Enron’s  stock  value  continued   to  fall,  so  Lay made efforts to appease the financial community  by explaining  Enron’s income  and  disengaging  Fastow from their SPEs. However, he and several other Enron executives had been selling their stock since 1999 and continued  to do so while aware of the corporation’s serious financial problems.

On October  19, the Wall  Street Journal revealed that  Fastow  had  made  a profit  of over  $7 million from  his SPE activities. This prompted  the  Securities and  Exchange Commission  (SEC) to announce an investigation into these activities. Enron immediately replaced Fastow as CFO and appointed  Jeffrey McMahon  to replace him. Shortly thereafter,  Enron restated  its earnings  downward  by $0.5 billion and increased its debt by $2.6 billion.

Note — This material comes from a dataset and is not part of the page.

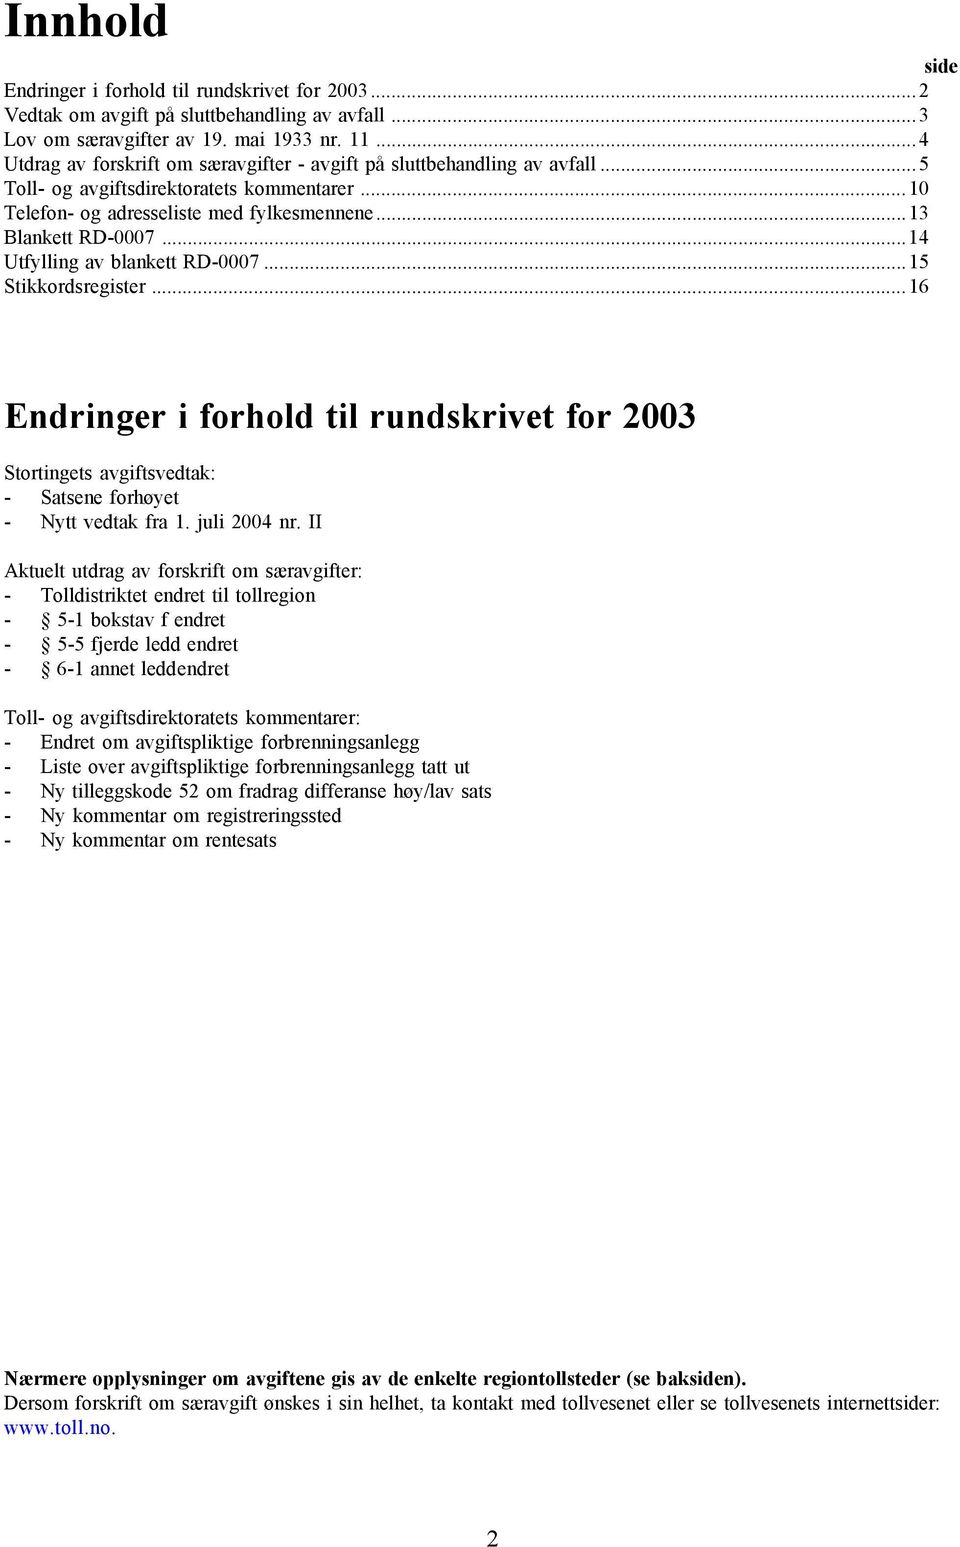 ..14 Utfylling av blankett RD-0007...15 Stikkordsregister...16 Endringer i forhold til rundskrivet for 2003 Stortingets avgiftsvedtak: - Satsene forhøyet - Nytt vedtak fra 1. juli 2004 nr.

Dynergy opened  a bid to buy Enron  on November  9, supported  by Chevron  Texaco,  though  they pulled out of the deal three weeks later following an announcement of a further $700 million loss. Enron’s credit rating crashed to the extent that on December 2 they filed for bankruptcy under Chapter 11 protection. On January 23, 2002, Lay resigned. A report  by William Powers following an inquiry by Enron’s Special Investigation  Committee  blamed  Lay, Skilling, and  accounting  firm Arthur  Andersen  for the  collapse. A subsequent  hearing found Arthur Andersen, Enron’s auditors, to be guilty of obstruction of justice for shredding  documents  while aware of a pending investigation by the SEC.

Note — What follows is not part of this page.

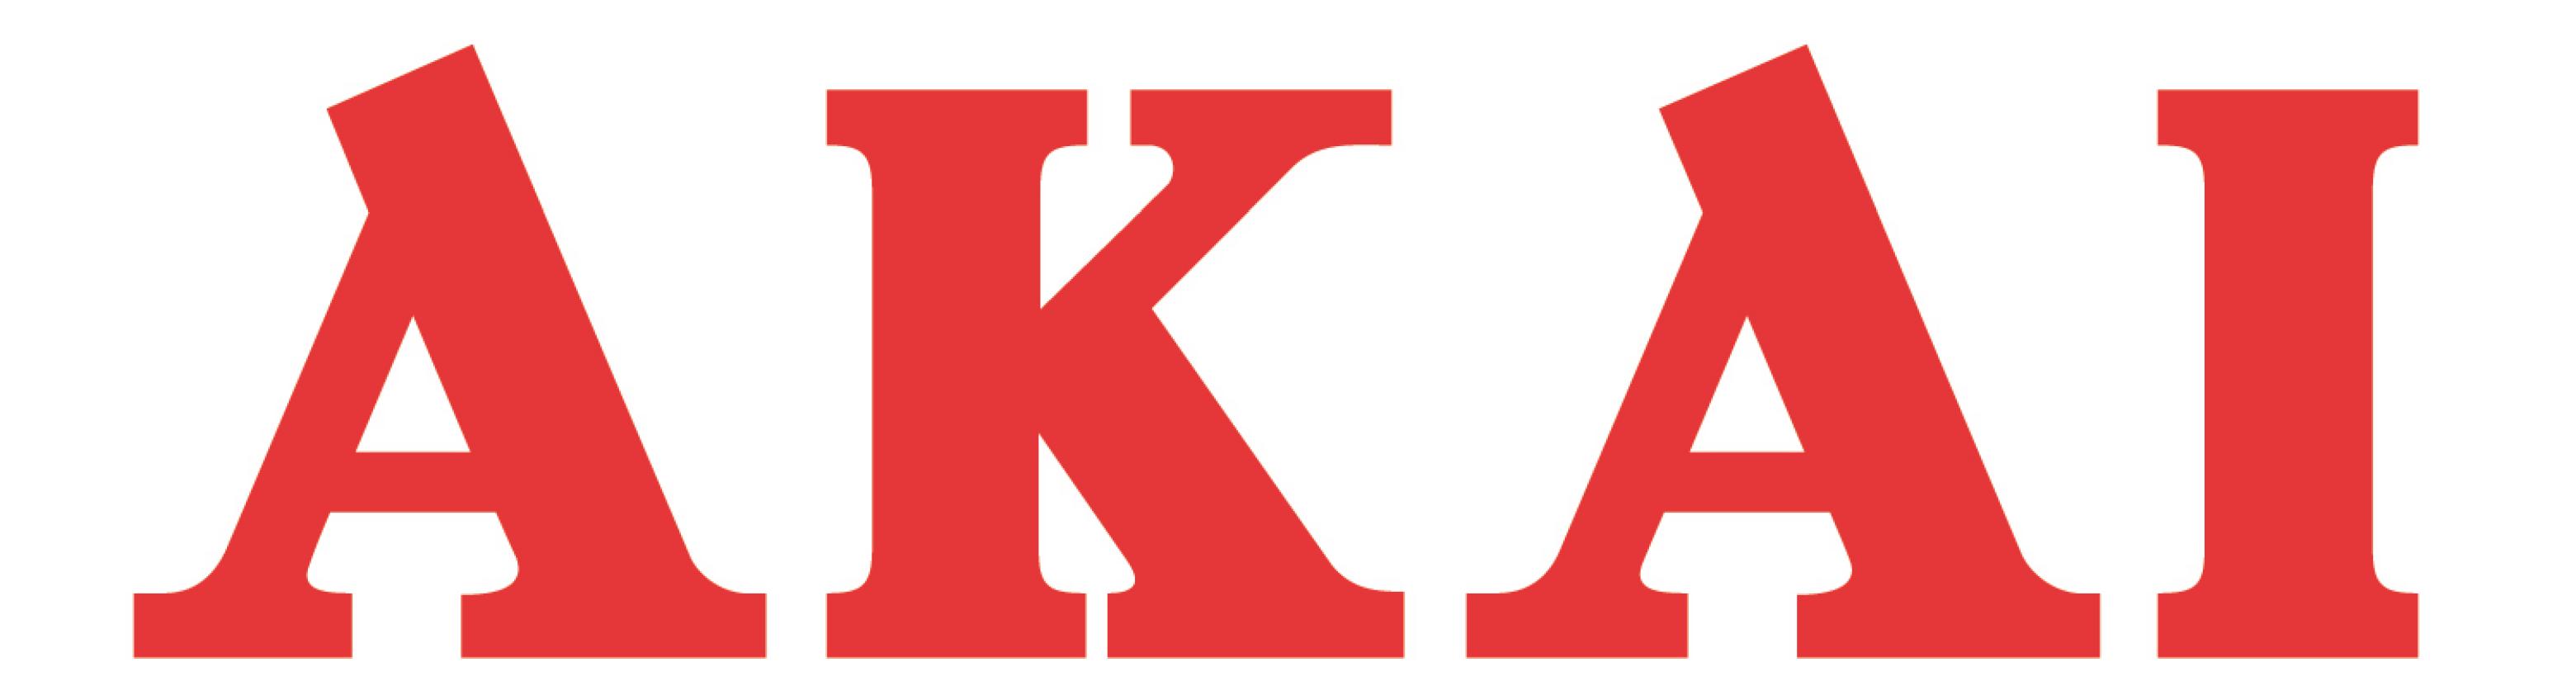 Akai Brand Logos Of Brands

In May 2006, Lay and Skilling were found  guilty of fraud and conspiracy, although Lay died of a heart attack six weeks later and his conviction was quashed. Skilling was sentenced to 24 years in prison and Fastow to seven years, with lesser sentences handed out to  others.  Enron  stockholders  are  still working  to minimize their losses.

Bibliography:   

  1. Stephen Arbogast, Resisting Corporate Corruption:  Lessons in  Practical Ethics from  the  Enron Wreckage (Scrivener, 2008);
  2. Robert L. Bradley, Corporate Social Responsibility  and  Energy:  Lessons From  Enron (Institute  for Study of Economics  and  the  Environment, Lindenwood University, 2008);
  3. Kurt Eichenwald, Conspiracy of Fools: A True Story: Collapse of the Enron Corporation: Hearing Before the Committee on Commerce, Science, and Transportation (U.S. G.P.O., 2005);
  4. Gladwell, “Open Secrets: Enron and the Perils of Full Disclosure,” New Yorker (January 8, 2007);
  5. Helman and D. Fisher, “Crime Pays the Enron Trial Will Have One Happy Result: For the Market Value of the Prosecutors,” Forbes (v.177/13, June 19, 2006);
  6. John Kroger, Convictions: A Prosecutor’s Battles Against Mafia Killers, Drug Kingpins, and  Enron Thieves (Farrar, Straus,  and  Giroux,  2008);
  7. Bethany McLean  and  Peter Elkind, “Enron Diary,” Fortune (v.153/4, 2006);
  8. Powers, Jr., Report of Investigation by the Special Investigative Committee of the Board of Directors of Enron Corp. (February 1, 2002);
  9. Malcolm S. Salter, Innovation Corrupted: The Origins and Legacy of Enron’s Collapse (Harvard University Press, 2008).